I just remembered that it wasn't a post, but rather it was
an e-mail to someone whose preliminary real analysis text
manuscript I was giving editing feedback on. The e-mail
is below, with some slight changes and omissions that have
to do with specifics about the person I was writing to.
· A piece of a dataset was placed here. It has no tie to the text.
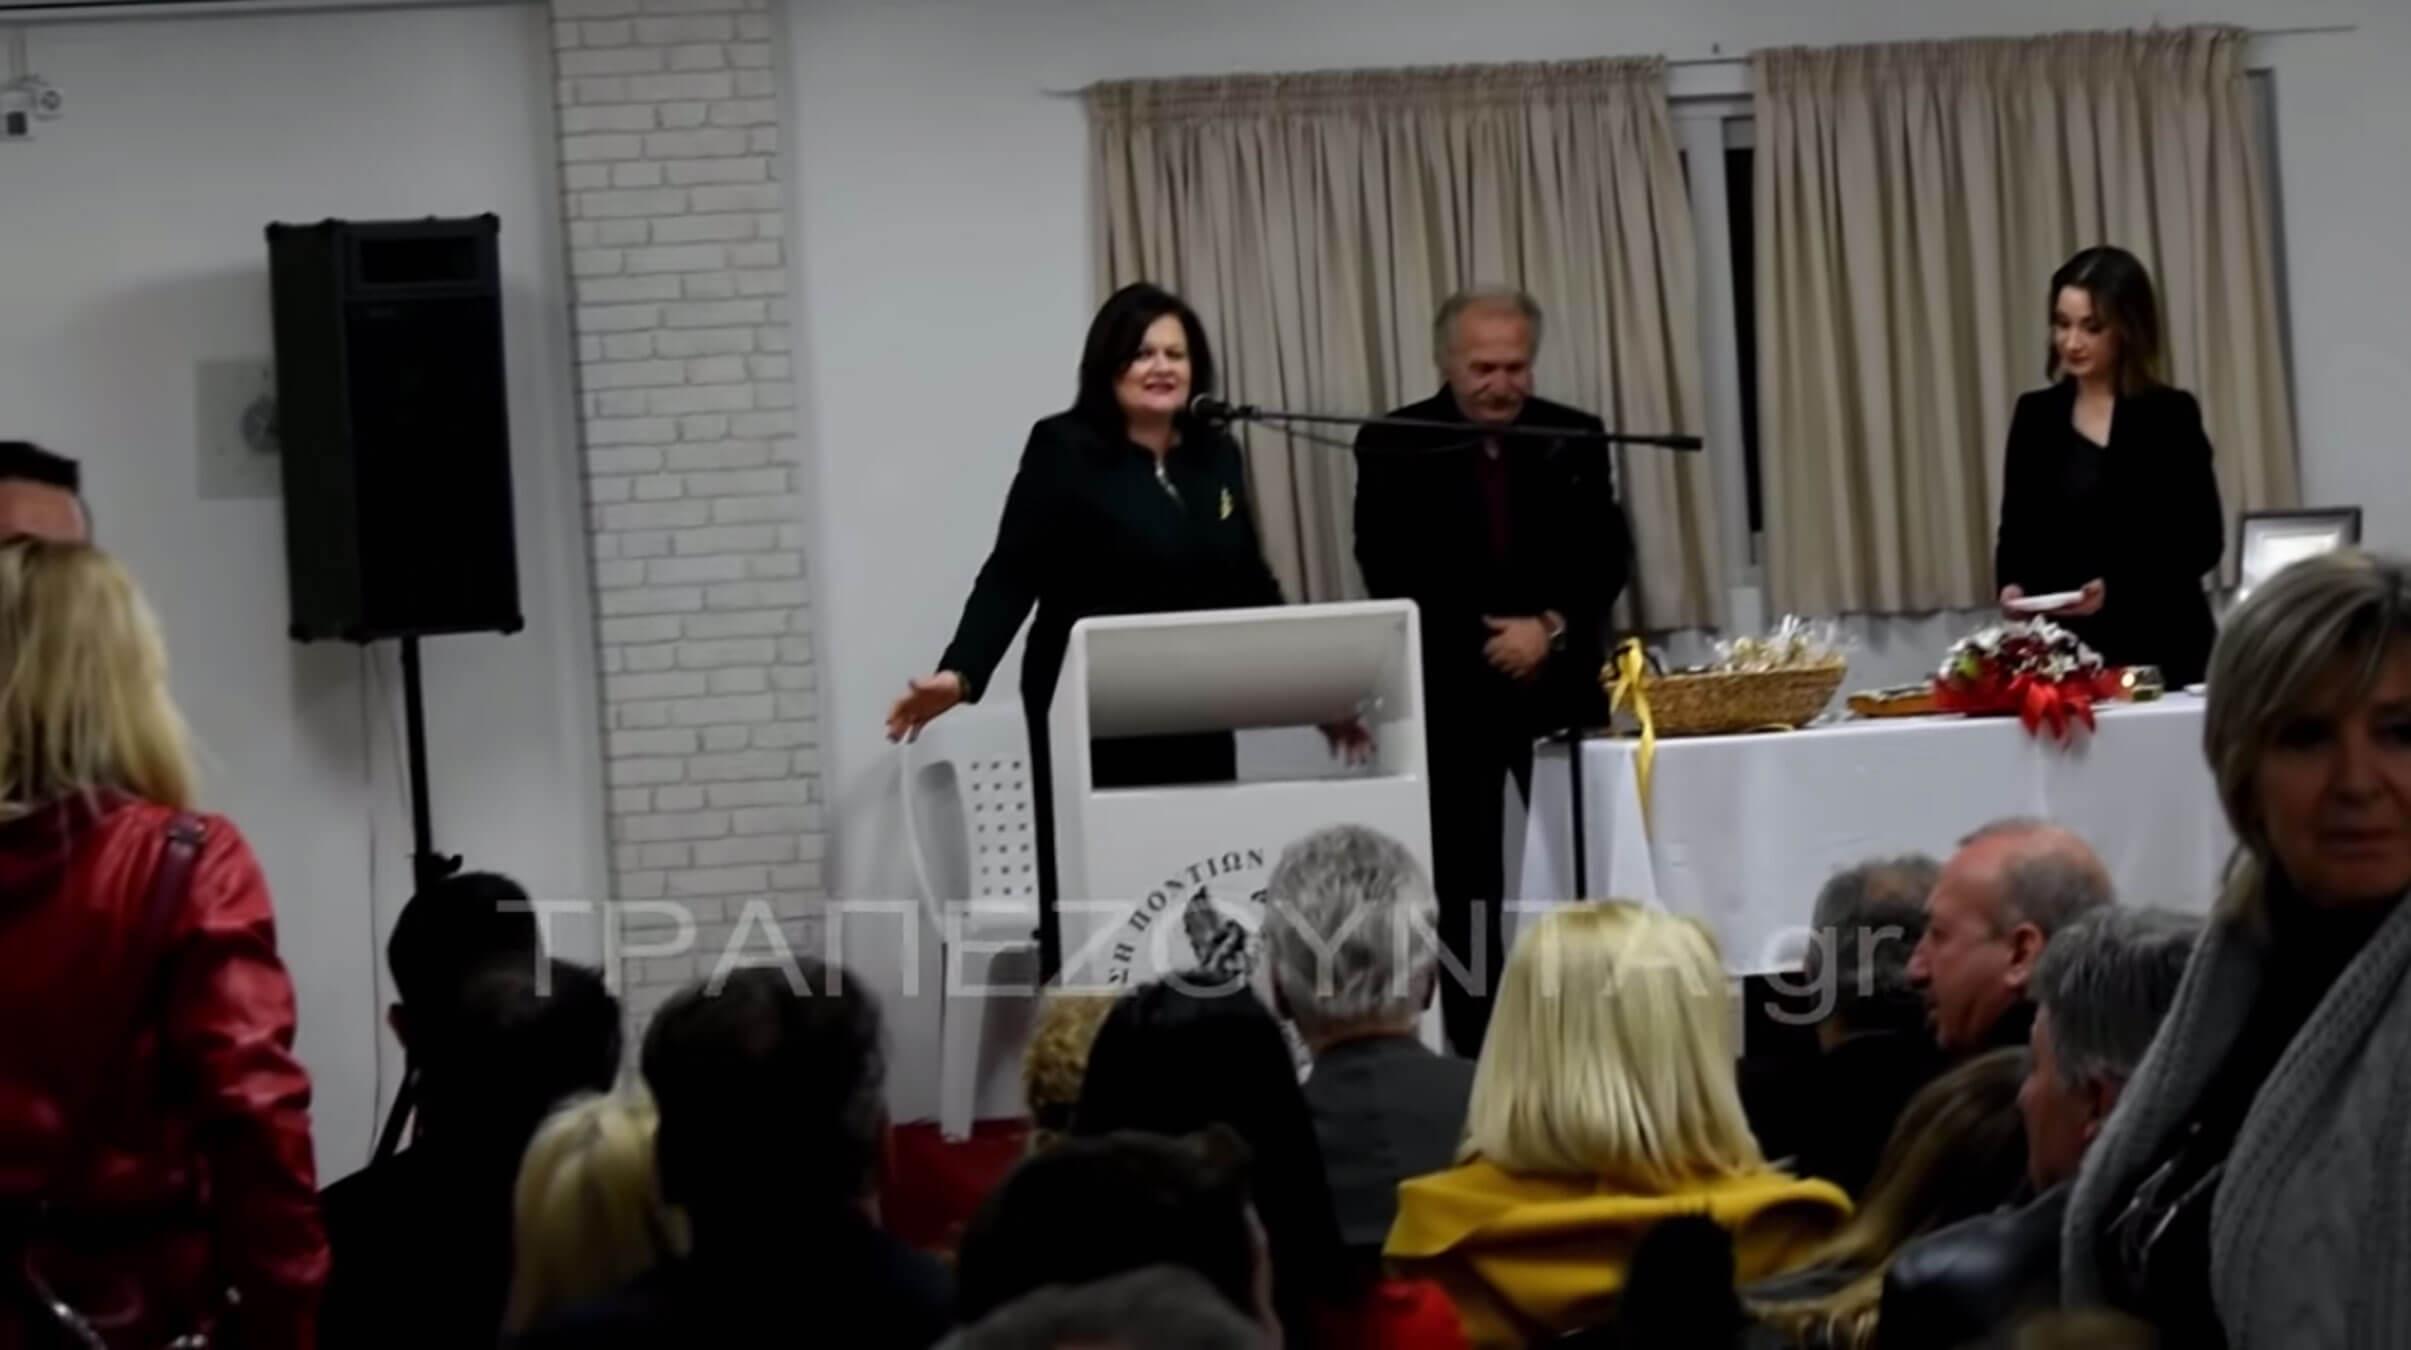 Αποδοκίμασαν τη Χαρά Καφαντάρη στο Περιστέρι: «Είμαστε Μακεδόνες! Φύγε δεν σε θέλουμε!» video

----------------------------

I believe Cauchy proved the left endpoint integral exists
for continuous functions on compact intervals (modulo his
uniform continuity omission) and he also proved that all
Riemann sums for such a function converge to the same result.
I think his definition was the left endpoint version and its
agreement with Riemann's formulation was a theorem, but I'm
not entirely sure about this. In any event, the Riemann
version of the integral had been around much earlier than
Riemann lived, and I think this is fairly well known. I
believe that, even back in Newton's time, mathematicians dealt
with general "Riemann sums" when computing areas and other
things (i.e. the location of the evaluation point in
each interval was varied as needed for the problem at
hand). What Riemann mainly did was to put the focus
on the collection of functions that are integrable
according to some notion of integrability, rather than
(as Cauchy did) defining a notion of integrability only
to be able to rigorously prove certain desired integrability
properties.

Gillespie [1] proved that any bounded function on a compact
interval is "left endpoint integrable" if and only if it is
Riemann integrable.

Kristensen/Poulsen/Reich [5], apparently unaware of Gillespie's
result [1] (or of any of the other papers below) proved a
stronger version in which "left endpoint" becomes "selection
via the function G(x,y)", where the domain of G is all pairs
of real numbers x < y in the integration interval [0,1] such
that x <= G(x,y) <= y and G satisfies the intermediate value
property in each variable (i.e. for each fixed p and q,
G(p,t) and G(t,q) satisfy the intermediate value property
relative to the variable t). Note that the choice of
G(x,y) = x gives the left endpoint formulation.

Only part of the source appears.